Action item
Retype the listing found below exactly, but leave out each picture.

Data
== Segment start ==

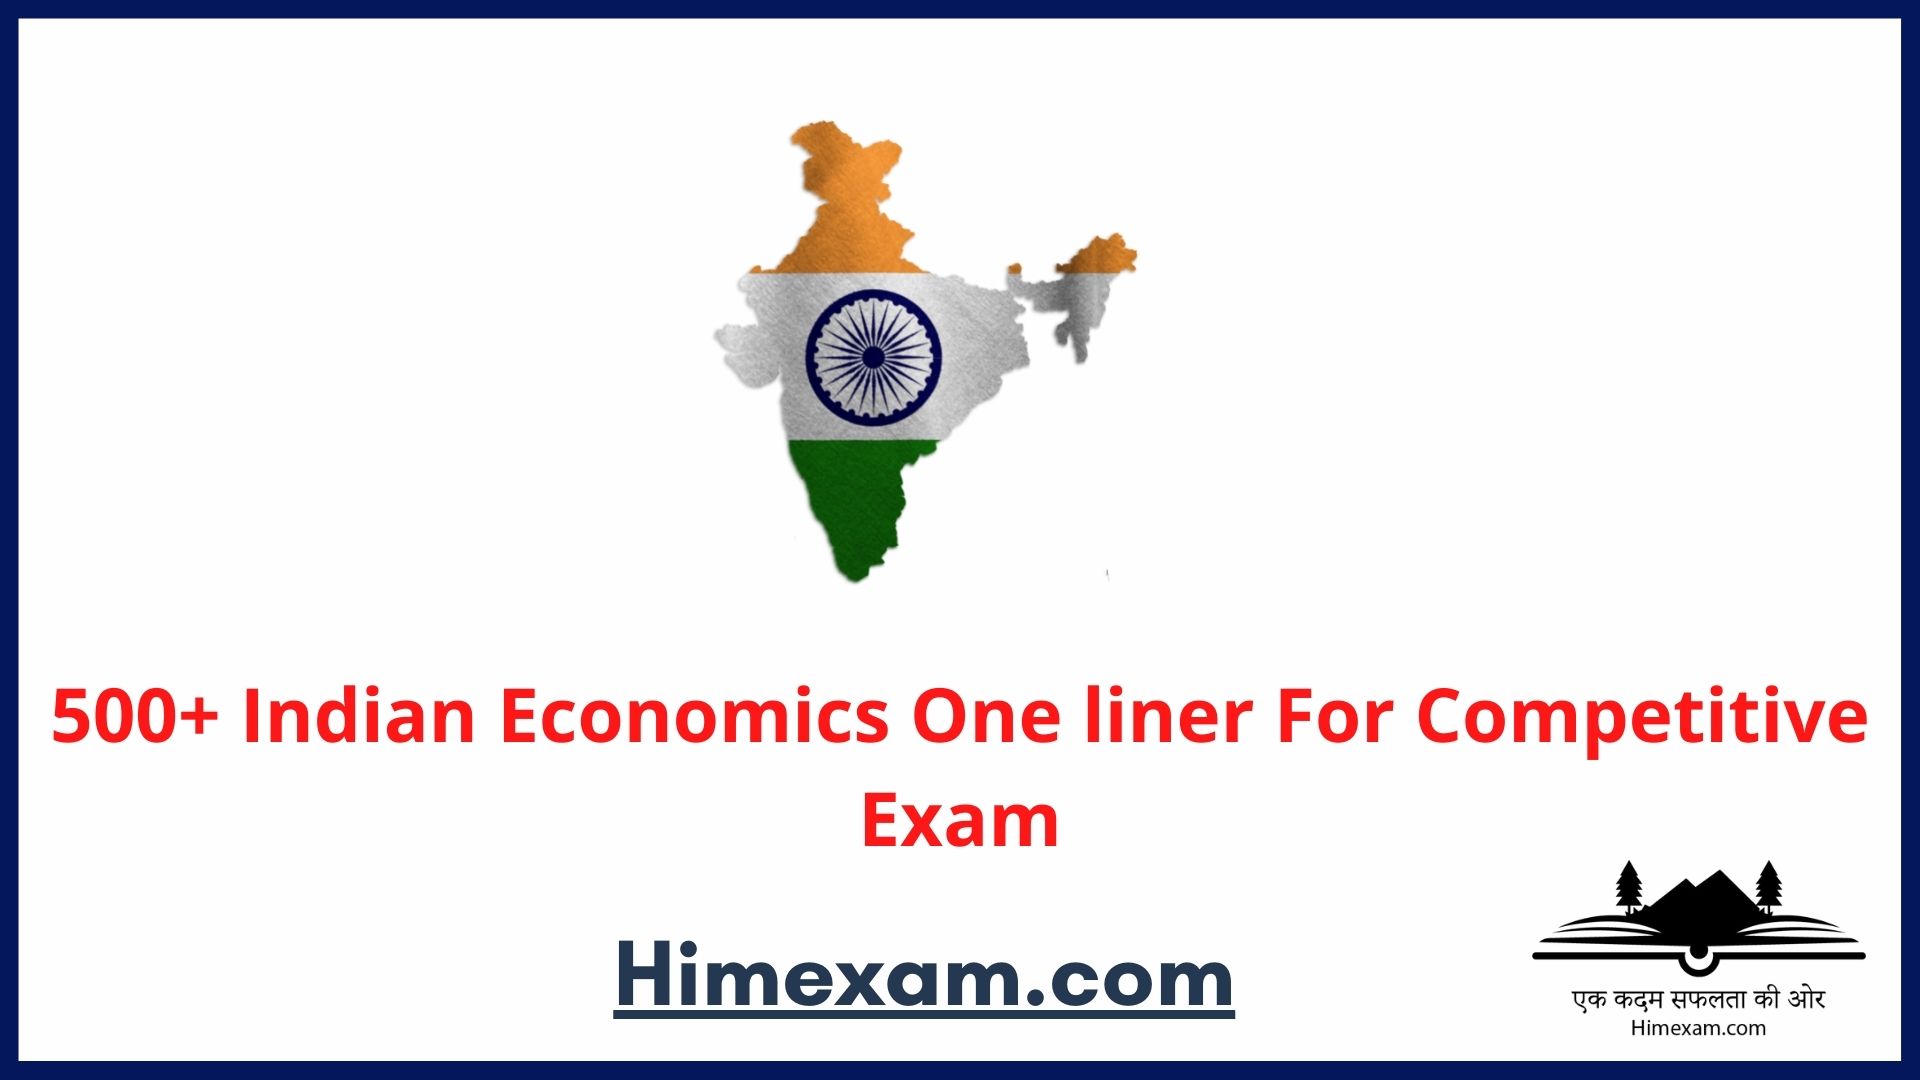 500+ Indian Economics One liner For Competitive Exam
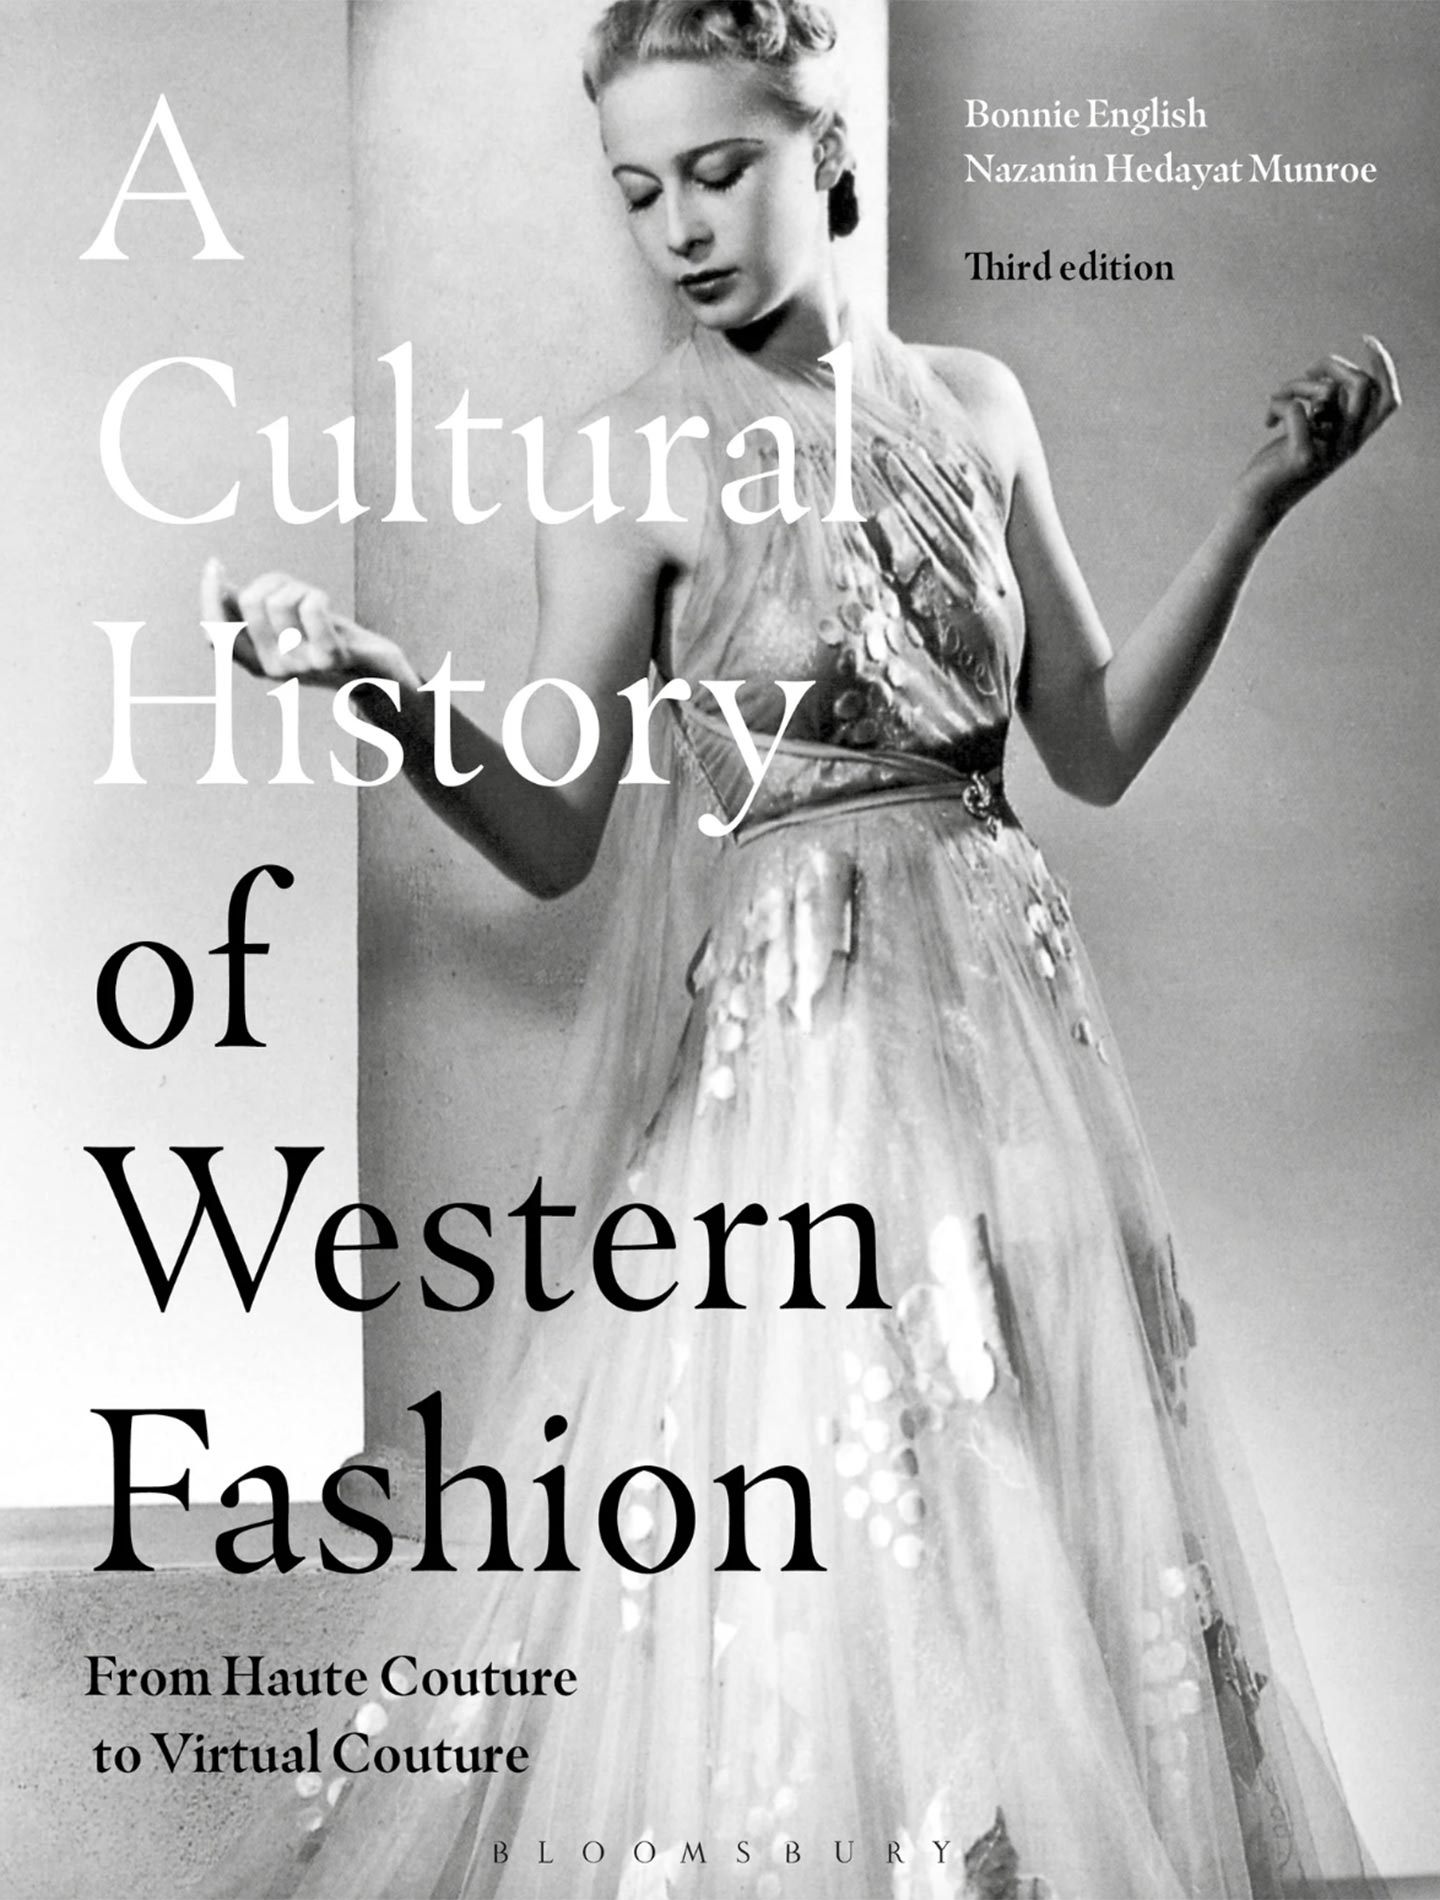 English, B., & Munroe, N.H. (2022) A Cultural History of Western Fashion: From Haute Couture to Virtual Couture. London: Bloomsbury Visual Arts
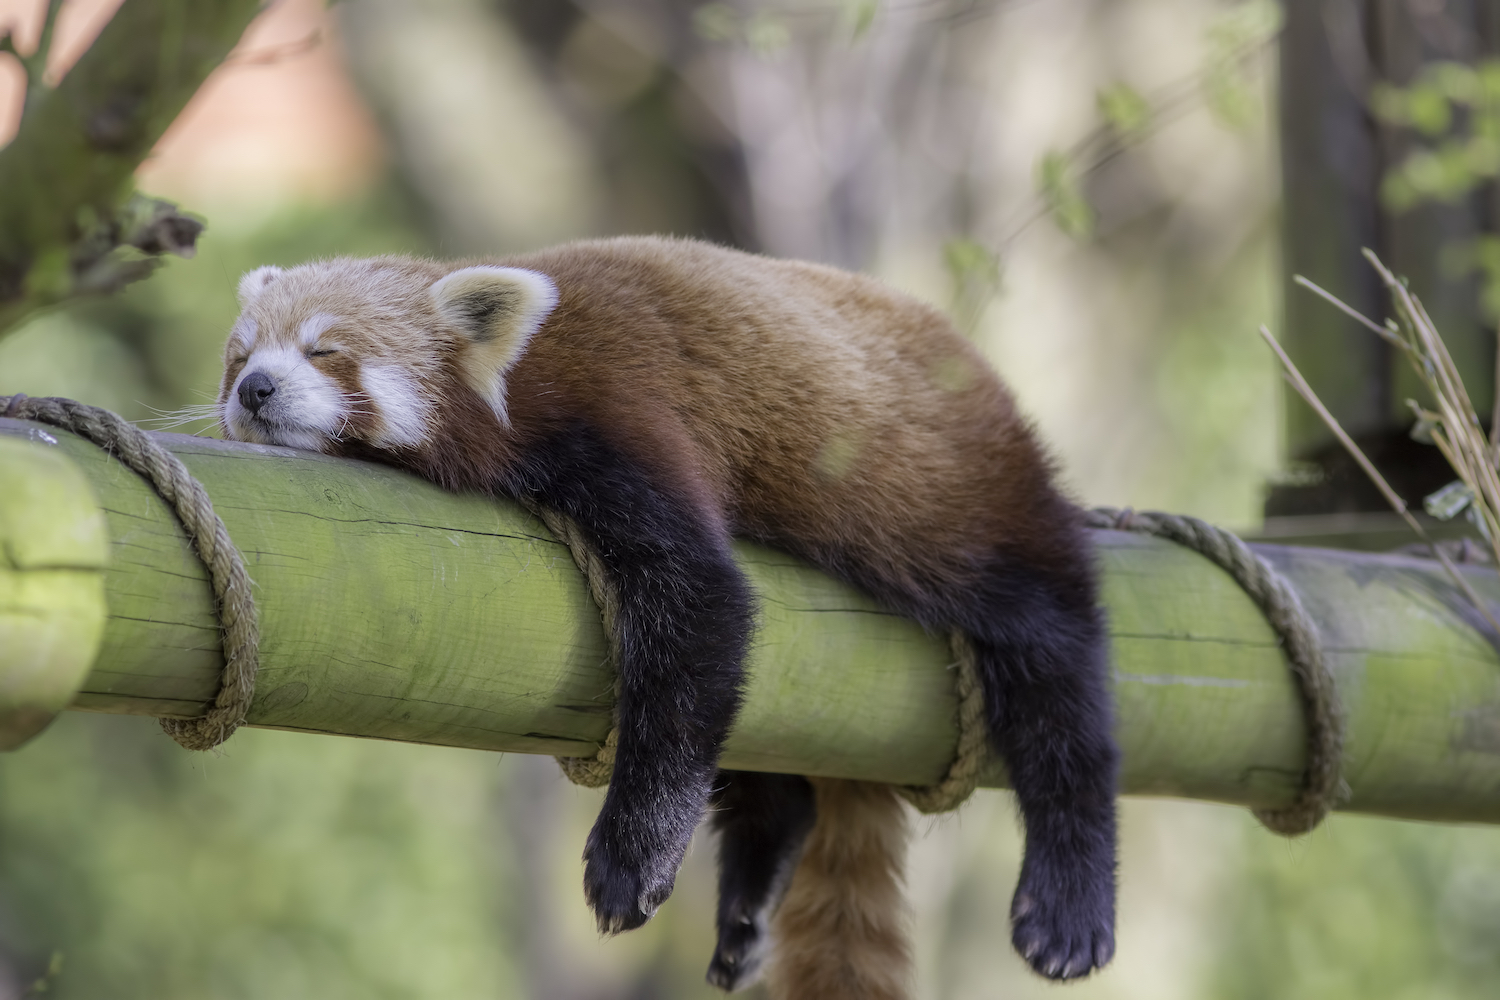 Which animals never fully fall asleep?

== Segment end ==

Answer box
 500+ Indian Economics One liner For Competitive Exam
 English, B., & Munroe, N.H. (2022) A Cultural History of Western Fashion: From Haute Couture to Virtual Couture. London: Bloomsbury Visual Arts
 Which animals never fully fall asleep?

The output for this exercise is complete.